Rather than providing notice, employers in Argentina have the option to pay employees an amount equivalent to the notice period.

The duration of the notice period in Argentina is contingent upon the employee's service length:

  • Service of less than 5 years: one month's notice.
  • Continuous service of over 5 years: two months' notice.
  • Employees who are terminated without cause are entitled to various forms of severance pay, which includes:
  • A compensation equal to a month's salary for every year of service or any period exceeding three months, calculated based on the employee's top monthly salary.
  • Compensation for any leftover days in the month if the employee is terminated prior to the month's end.
  • Compensation for unused vacation days 🏖️.
  • A proportional compensation for the 13th-month salary.
  • Special compensation for employees on sick leave 🤒.
  • Special compensation for employees on maternity leave 👶.

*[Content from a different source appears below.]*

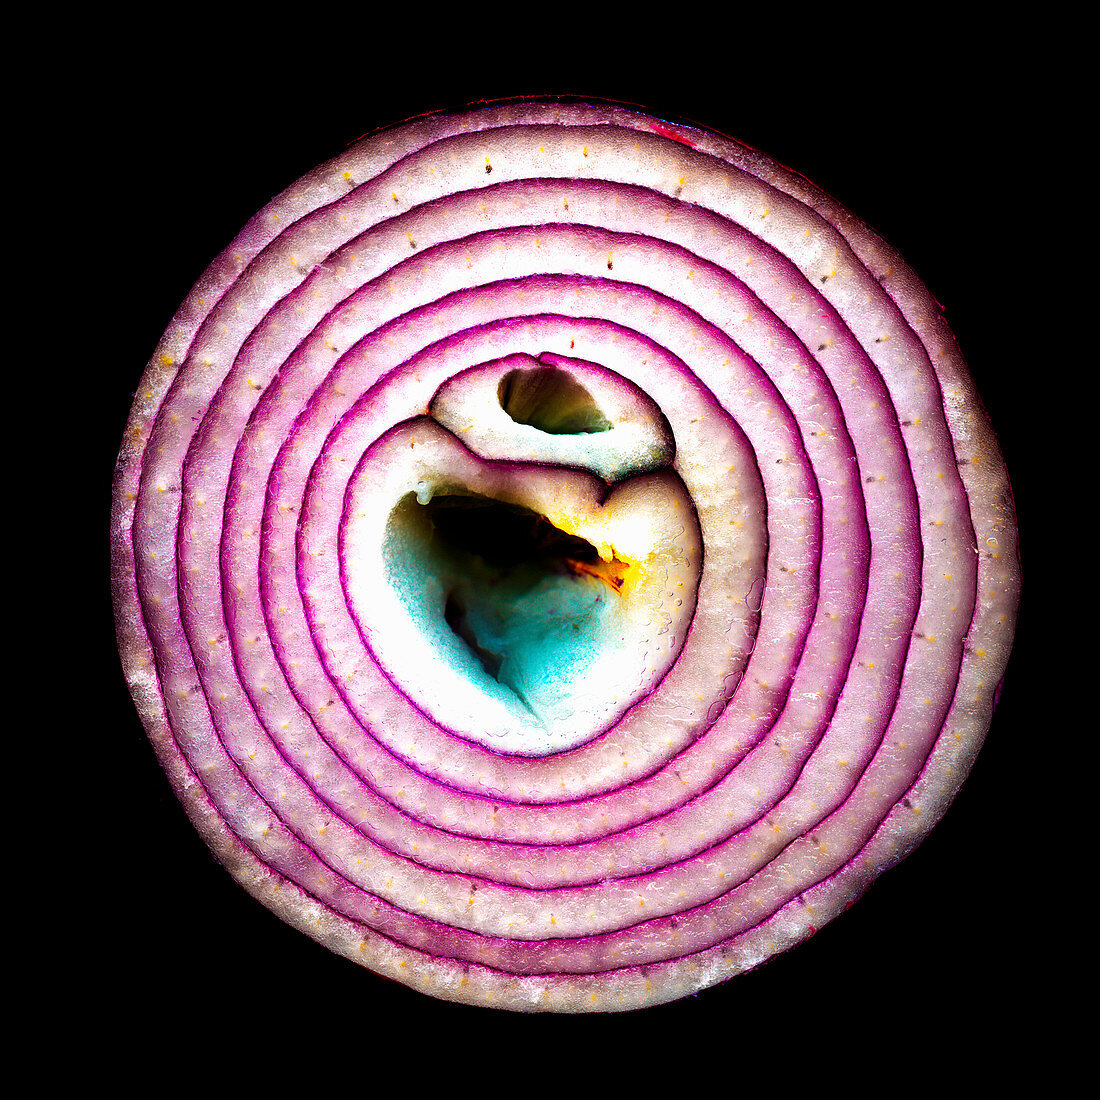 A sliced red onion against a black background (close-up)

If you're looking to work in Argentina, whether it's for paid or unpaid work, you'll need to secure a work visa. 📝 Working as a tourist on a 90-day tourist visa stamp is strictly not permitted.

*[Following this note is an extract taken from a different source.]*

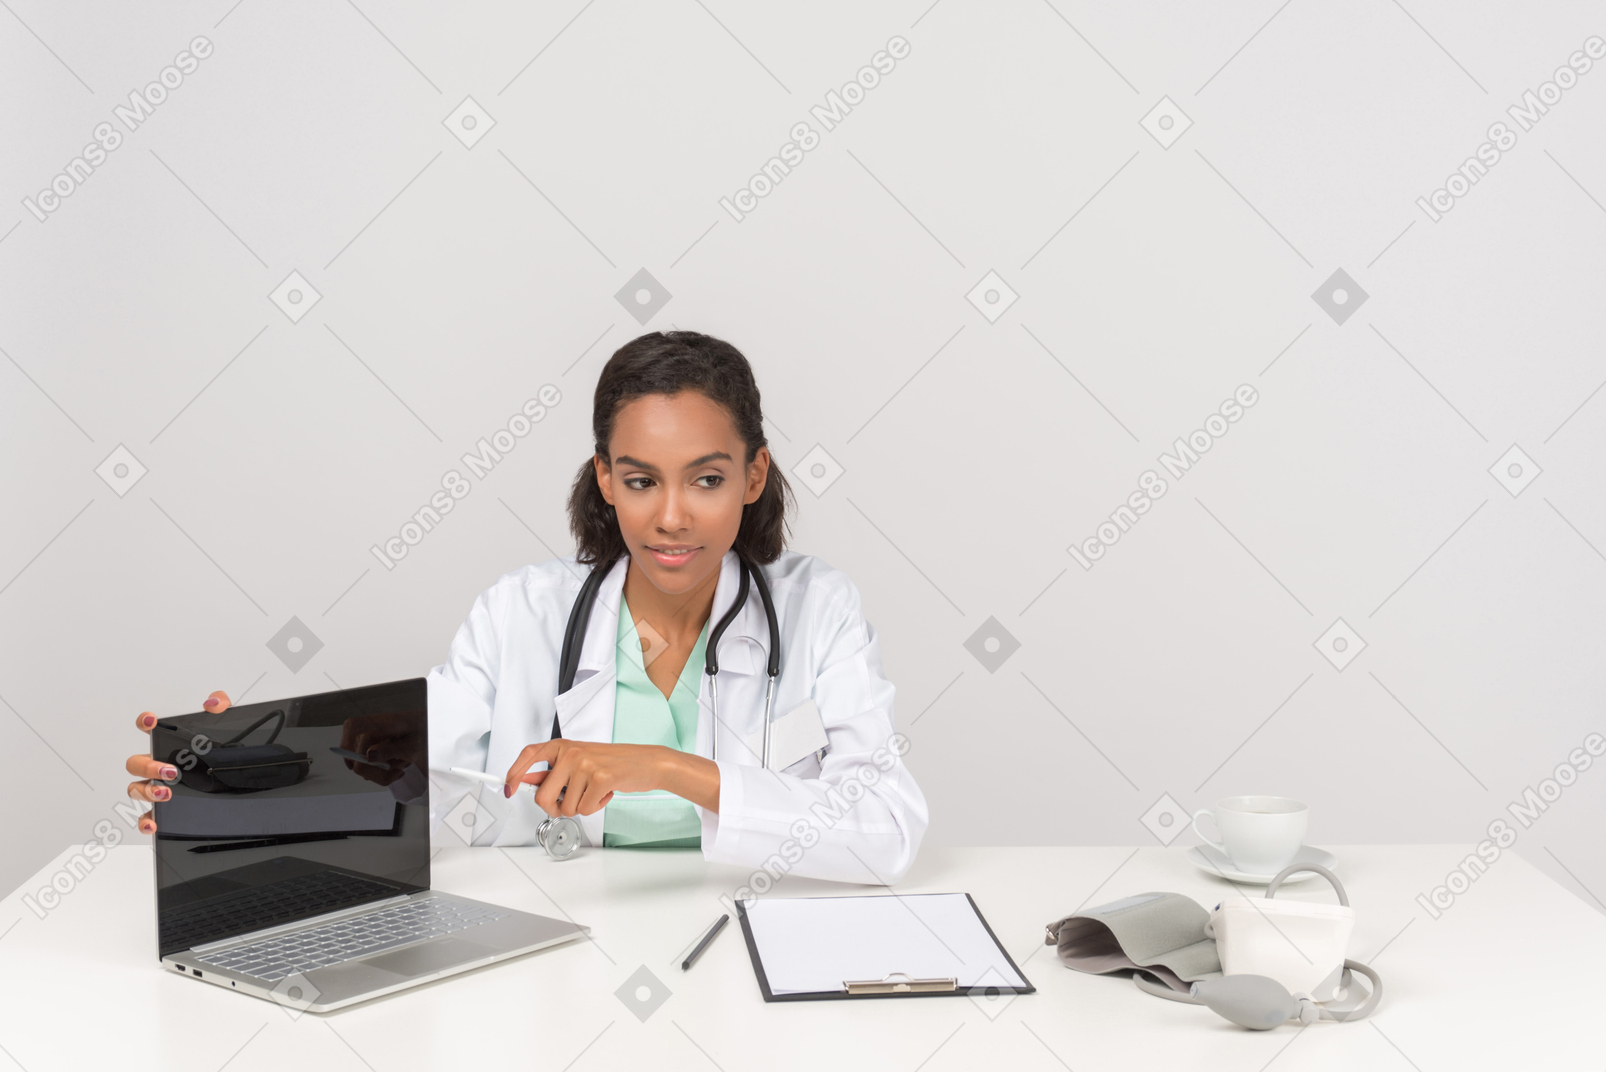 Confident female doctor showing something on her laptop

The company you'll be working for should be a local corporate body based in Argentina, which will sponsor your work permits. Moreover, the organization should be authorized to employ international workers and should be registered with the National Immigration Office (Direccion Nacional de Migraciones) or the National Immigrant Sponsors Registrar. 🏢

Dealing with visa or residency-related procedures in Argentina can be quite complex and document-intensive, characterized by a high level of bureaucracy. 📚 The bulk of the paperwork is usually taken care of by the Argentinian employer, the company's branch office in Argentina, or an Argentinian immigration lawyer.